一緒に学校に行った子たちはそのことに涙を流してくれたけど、多分安堵の意味が大きいのだろう。
自分でなくてよかったという。
その日から、私の生活は変わった。
お役所の人が来て、両親にいくばくかの礼金を渡して私を引き取った。私の名前、顔、成績・・・・・・。そのすべてを世界の人に知れ渡る。一夜にして、私はこの世界の、おそらく歴史上の誰よりも人々に知られた人物になったことだろう。
生け贄の奉納は一週間後と言われた。
私は学校に行くこともなく、ただ人々の好奇の目に晒されるだけの生活を送り続けた。
何度かインタビューを受けたが、何を答えたのか覚えていない。ちゃんと同じことが答えられたかどうかも定かじゃない。

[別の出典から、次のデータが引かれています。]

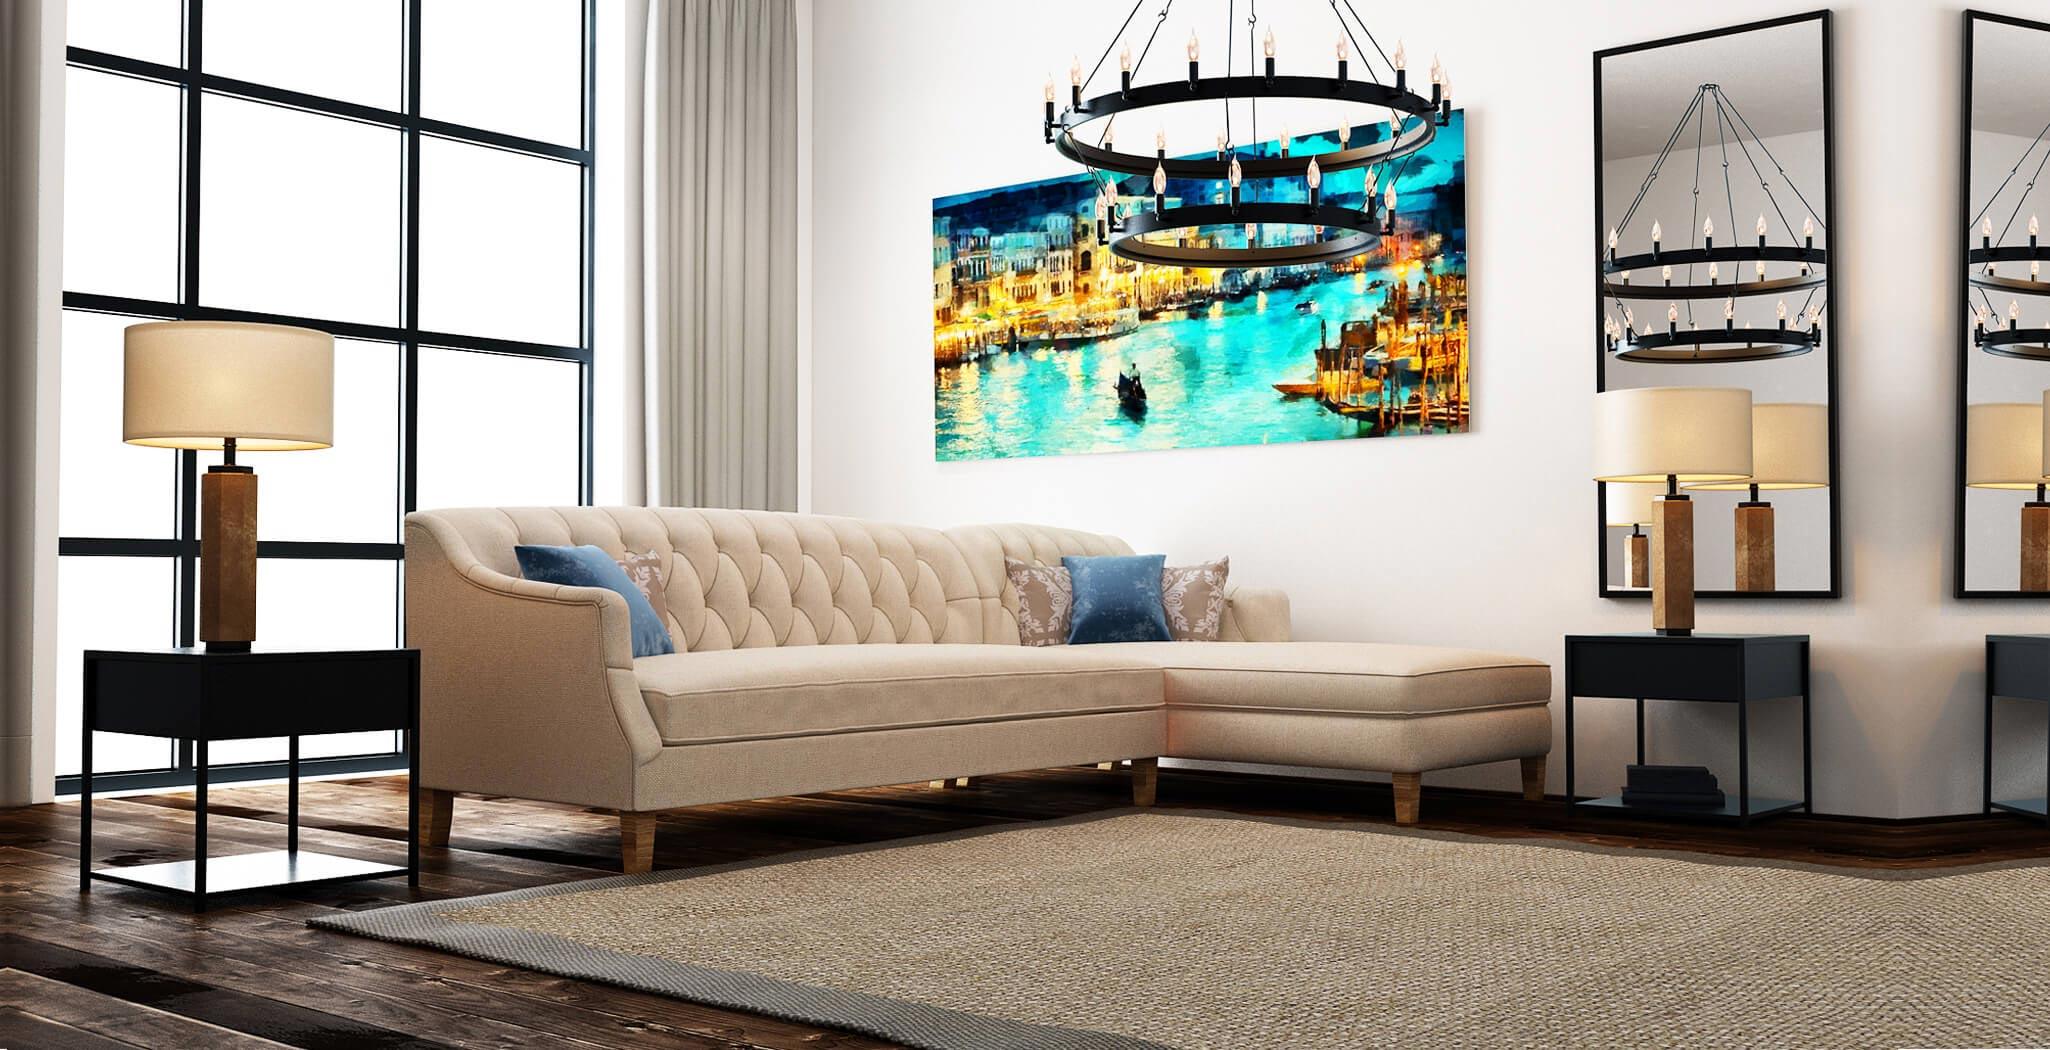 shiraz panel furniture gallery 1

何もない部屋と、会見会場の往復で、私の心は消えかけていたのかもしれない。今こうして言葉を残せるのが奇跡だと思う。前日に休暇を設定した大人はいい判断をしている。
最後だからと強請ったペンとノートは、私に思考の機会を与えてくれた。
だから、こうして今起きたことを書き留めようと思ったのだ。
明日私は生け贄となり、この一生を終える。
世界から雨がなくなるかどうか、私には判断できないだろう。
これを書いたのは、その結果を知っている未来の誰かが遠い過去を思い出してくれればと思ったからだ。
このノートはこっそりどこかに隠して置こうと思う。
遠い遠い未来に届くように。
私の言葉が、未来への楔となるように。
祈るような言葉で、古びた手記は締めくくられていた。
教授が長い間のロードワークの末に手に入れたのは、かなり古く痛みきったノートで。その解読もしないままに、彼はまた旅へと出てしまった。 仕方なく自分の仕事の傍ら頑張って読んでは見たものの、やはりその全文を理解することはできなかった。
何度も繰り返される言葉の意味が自分にはどうしても分からないのだ。
はたして、「雨」とはどういうものなのだろうか。
空は今日も深い青を映している。